脳のなかには「やる気」を生み出す側坐核という場所があります。個々の細胞が刺激を受けるとやる気が生まれるのです。ですがこの場所はあまり反応がよくないため、何らかの方法で刺激を与えてやる必要があるのです。その一番手っ取り早い方法が「とりあえず作業を始めてしまう」ということなのです。たぶん皆さんにも経験があると思うのですが、最初はあまり乗り気ではないことでも始めてしまったら、徐々に気分が乗ってきて、気がついたら夢中になっていたことはありませんか。これも、側坐核が刺激を受けた結果なのです。このように側坐核は「字を書く」「パソコンに入力する」「考える」というような実際に身体を動かしたり、頭を使ったりすることにより刺激を受けるのです。(pp.113-114) |
とはいえ、うまく乗り切れないのに乗せようとしてもそれは大きなストレスになってきて、それが溜まるとその「まず始めよう」自体を後回しにしてしまいかねない・・・・
そこでスタートしてどれくらいまでの時間をとりあえず頑張ればよいのかの目安を紹介しておきましょう。アメリカの心理学者レナード・ズーニンが提唱している時間はスタートしてから4分間です。何かを始めるときにはスタートしてから4分間で調子の波に乗ることができれば、その後、楽に作業を進めることができるという法則です。ですから書き始めてからの4分間はやる気というロケットを軌道に乗せるまでのブースターなのだと割り切って、組み立てや流れなどの細かいところにはこだわらず動き続けた方が結果的には効率よく質のよいコンテンツ完成に結び付くのです。(pp.114-116) |
ここでもうひとつ思ったことが、4分勝負なので、最初の1秒からすぐにスタートできるように整えておかなければならないということです。例えば、パソコンを立ち上げて、適切なところにログインしておくとか、必要になりそうな資料は手元に先に準備しておくなど。そういったものを整えて、その4分に勝負を賭けるのが良いと思います。その手前からだと、それだけで4分経ってしまいかねないので、先に準備フェーズ。ここは気楽に整えながら、そして、「4分勝負!」に入るのがよいのではと経験的に感じています。

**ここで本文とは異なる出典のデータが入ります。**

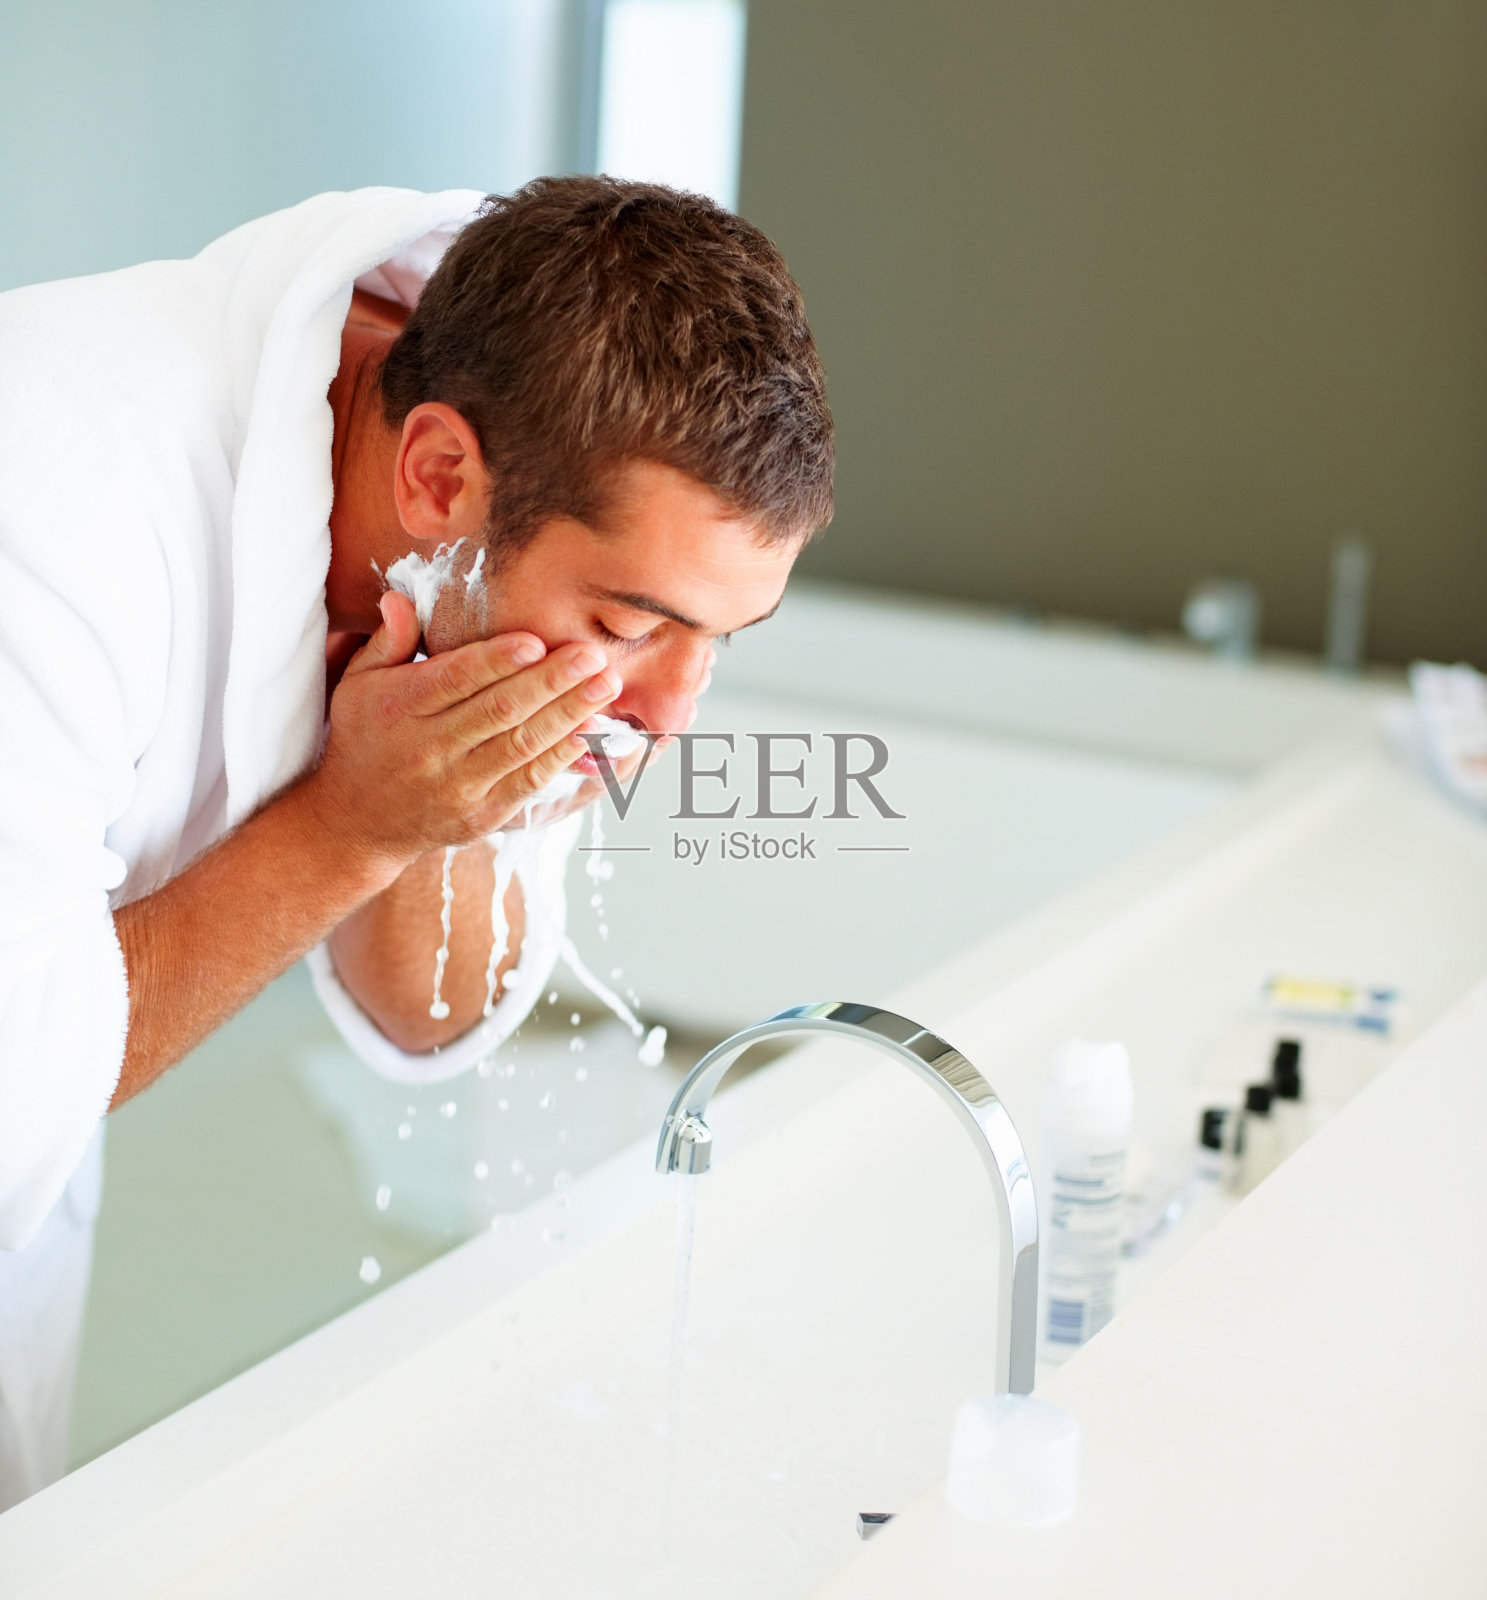 男子剃须后洗脸照片摄影图片

そのほかの「書く」ということがいろいろな効能のあることを記されており、特に手書きの効果・効能について著者自身がこの本を書くことで気づいたというようなことが書かれていました。
レオナルド・ダ・ヴィンチにしろ、アインシュタインにしろ、メモ魔だったと言います。このメモをどう活かすか、こういった効果的に活用されている人の事例を参考にして自分自身の活用法を確立していきたいですね。